INTRODUCTION: In agricultural production, the utilization of heterosis has brought significant benefits to society and economic development by markedly increasing crop yield, stress resistance, and quality. Foxtail millet (Setaria italica var. germanica), as an important coarse grain crop in the arid and semi-arid regions of northern China, holds a significant position in dryland ecological agriculture. However, the slow increase in the yield per unit area of foxtail millet has limited the further realization of its production potential. Utilizing heterosis has thus become one of the effective ways to enhance the yield of foxtail millet. Nevertheless, research on the physiological and molecular mechanisms of its heterosis is still relatively weak, and the formation mechanism remains unclear. Therefore, a deep understanding of the physiological mechanisms of heterosis in foxtail millet is of great importance for improving the yield of hybrid varieties.

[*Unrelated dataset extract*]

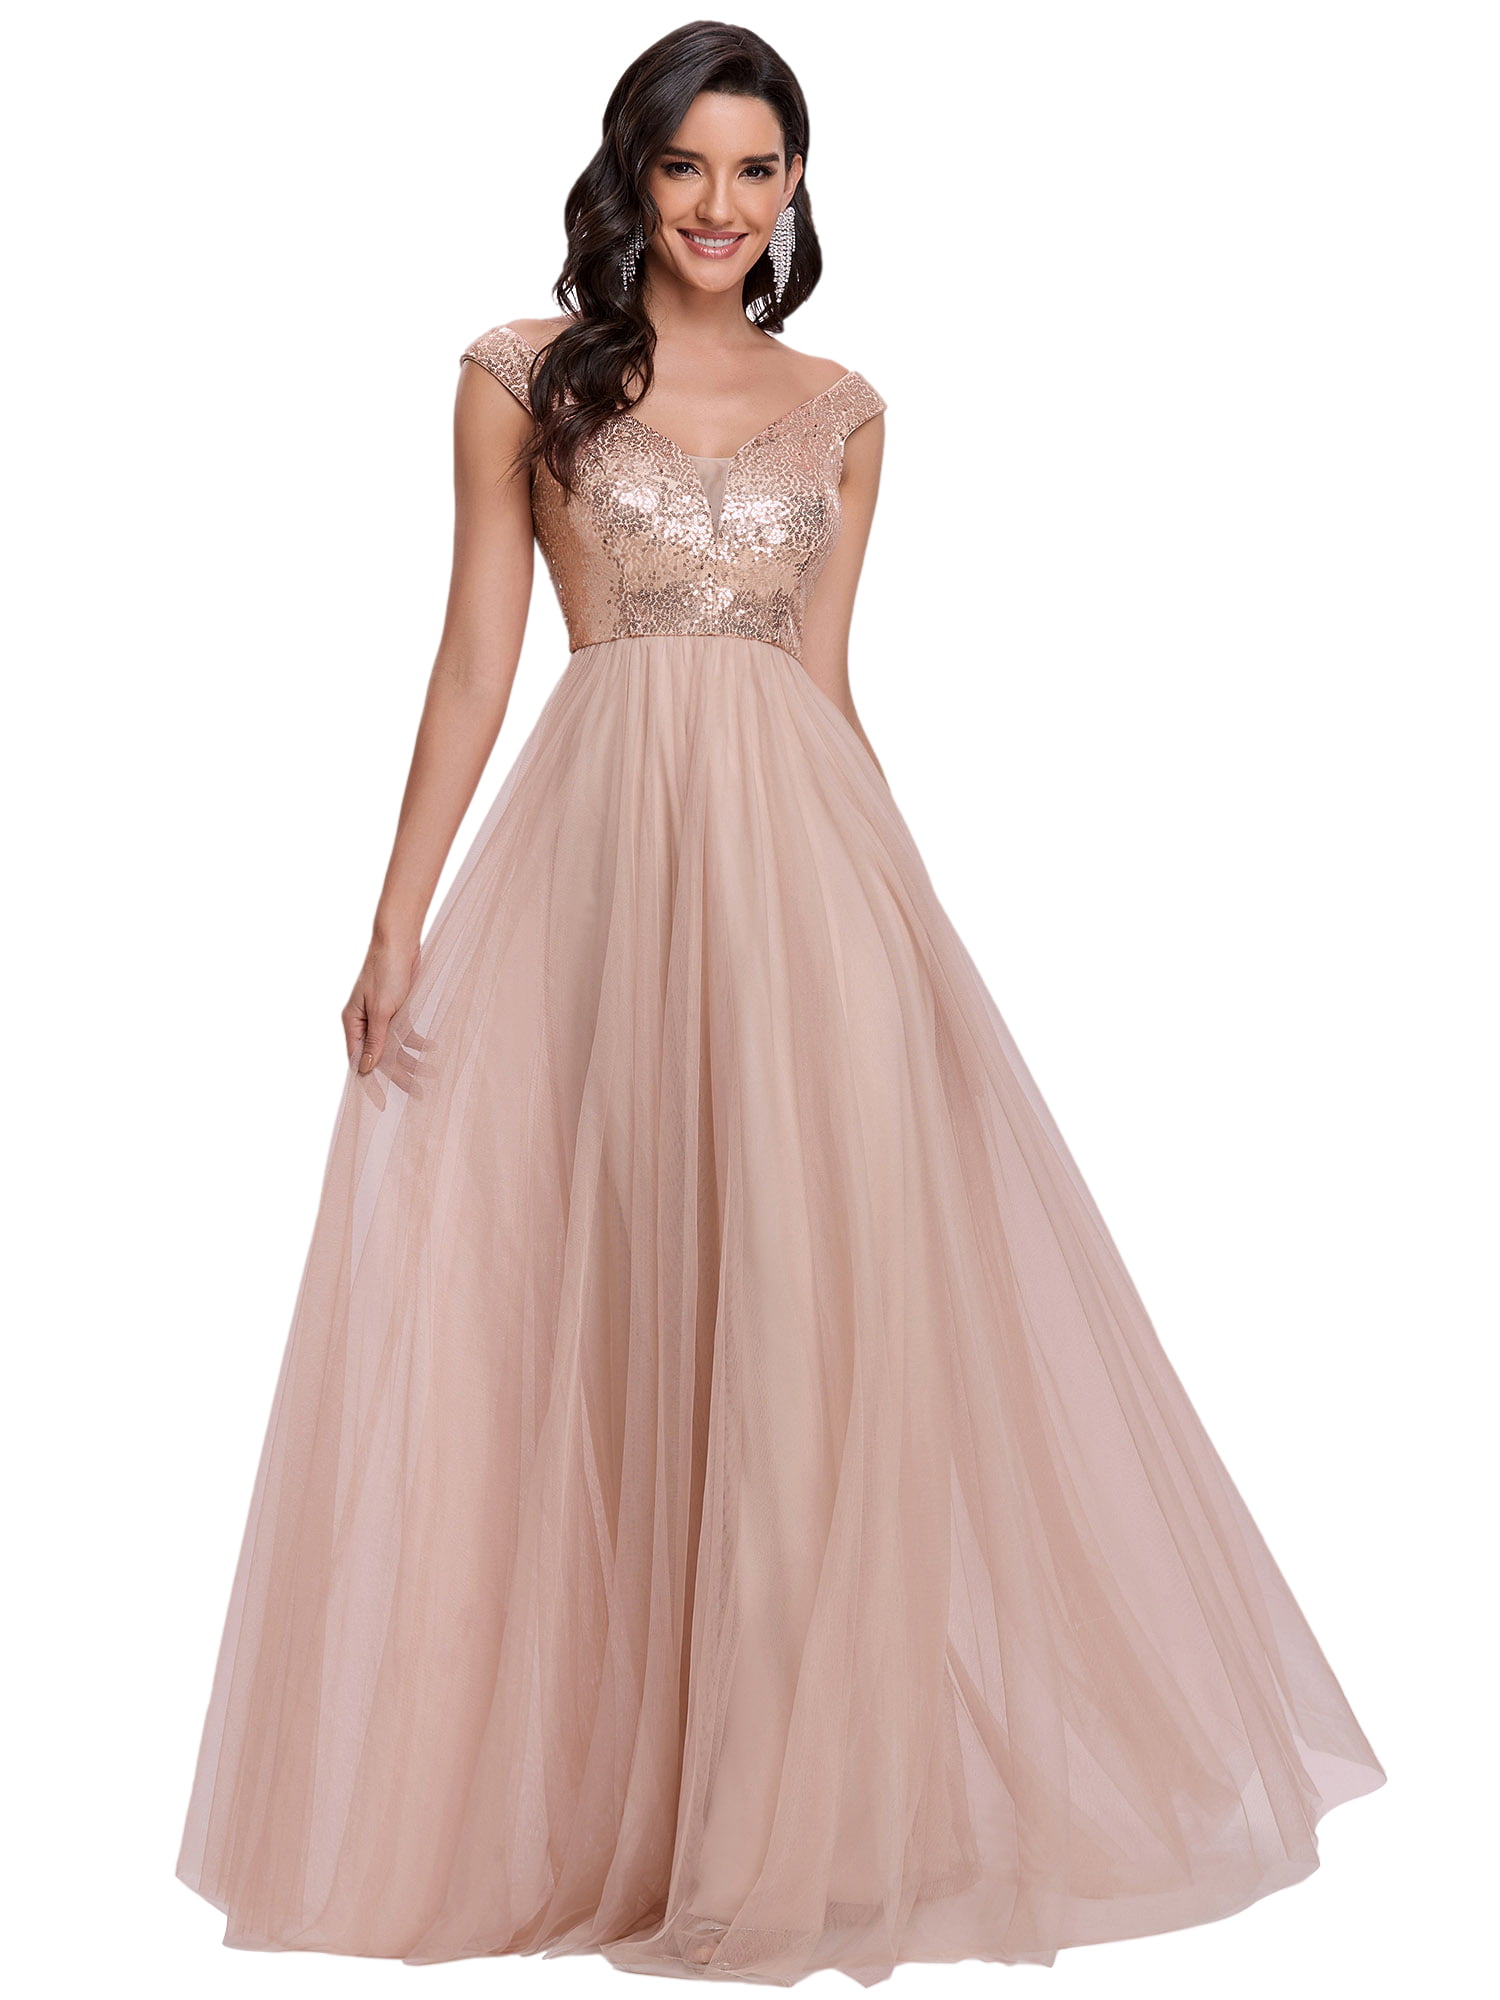 LONG BRIDESMAID PARTY COCKTAIL EVENING PROM BUCKLE WOMENS MAXI DRESS PLUS SIZE

RATIONALE: The Changzagu series of foxtail millet hybrids (Changzagu 466, Changzagu 2922, and Changzagu 333) exhibit significant over-parent heterosis in yield. To elucidate the formation mechanism of yield heterosis in foxtail millet, we systematically analyzed the yield advantages of these hybrids and their influencing factors by measuring yield-related traits and key physiological indicators of the hybrids and their parental lines.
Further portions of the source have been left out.